After the meeting I said, “Hey Doris, please
don’t be getting lippy to me in public.” Words were said and Carolyn Johnny
stepped in. I told Carolyn, “You have not heard what rude things your daughter
said to me and you are only sticking up because she is your daughter, maybe my
mom should be here.” Carolyn Johnny pushed me and said, “Get out of here.” I
did not engage with her. I was urged by my elders to go to the police so I went
the next day and there is a file on this. RCMP File # 2015-4798. Constable
McLean. I should have pressed charges but instead the officer talked to Carolyn
Johnny who turned the story around and said I pushed her and I was drunk at the
taxation meeting. This is not true. I have witnesses who saw Carolyn push me.
Doris Johnny instigated this situation. This is not proper professional conduct
of a Council member. This situation was very abusive by both Doris Johnny and
Carolyn Johnny.

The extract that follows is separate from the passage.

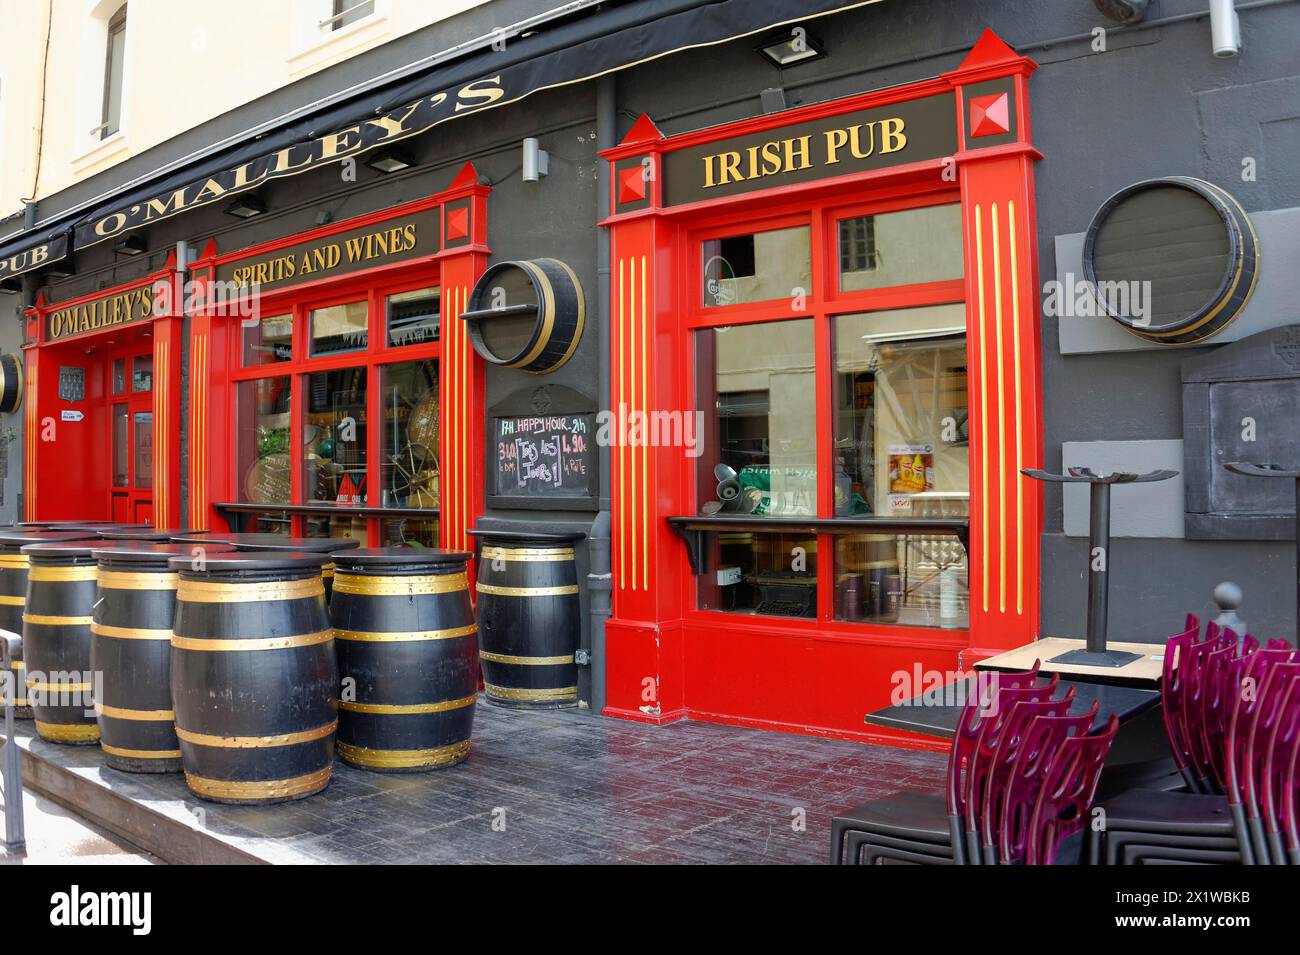 Marsiglia, invitante pub irlandese con cornici rosse delle finestre, botti come decorazione e sedie da caffè fornite, Marsiglia, Departement Bouches-du-Rhone Foto Stock

Breach of Oath of Office 2,3,4,5,6,8,10.
[9]
The brief reasons of the Community Panel finding
the ground of complaint to be made out are in their entirety:
• The Community
Panel has completed their investigation and find Doris Johnny has breached
Oath of
Office # 2 – I will honestly, impartially and fully perform the duties of my
office with dignity and respect and,
Oath
of Office # 5 – I will uphold the Adams Lake Indian Band Community Vision.
• Investigations
consisted of witness statements and correspondence related to the incident.
• As a result of
the investigation the Community Panel has determined Doris Johnny did not fully
perform the duties of office with dignity and respect and did not uphold the
Adams Lake Indian Band Vision Statement by “ensuring that we live in a safe,
healthy, self-sufficient community where cultural values and identity are
consistently valued promoted and embraced by all.”
• Our leaders are
required to conduct themselves at a higher level of standard at all times.
(Emphasis
in original omitted)
[10]
The Community Panel concluded by finding “Doris Johnny breached Oath of Office #2 & #5. Therefore
in accordance with the 2014 Secwepemc Election Rules, the Community Panel is
removing the Band Council Member from office and declaring the office vacant.”
The Community Panel went on to impose a penalty preventing the appellant from
running for office until the 2021 Band Council Election.
[11]
On this appeal from the judgment of the Federal
Court, the appellant asserts that the Federal Court erred in law in its
determination of the content of the duty of fairness and erred in its
application of the reasonableness standard of review.
[12]
As explained below, I agree that the Federal
Court erred in its application of the reasonableness standard. As this
conclusion is dispositive of the appeal I need not consider, and do not
consider, the Federal Court’s analysis on the issue of procedural fairness.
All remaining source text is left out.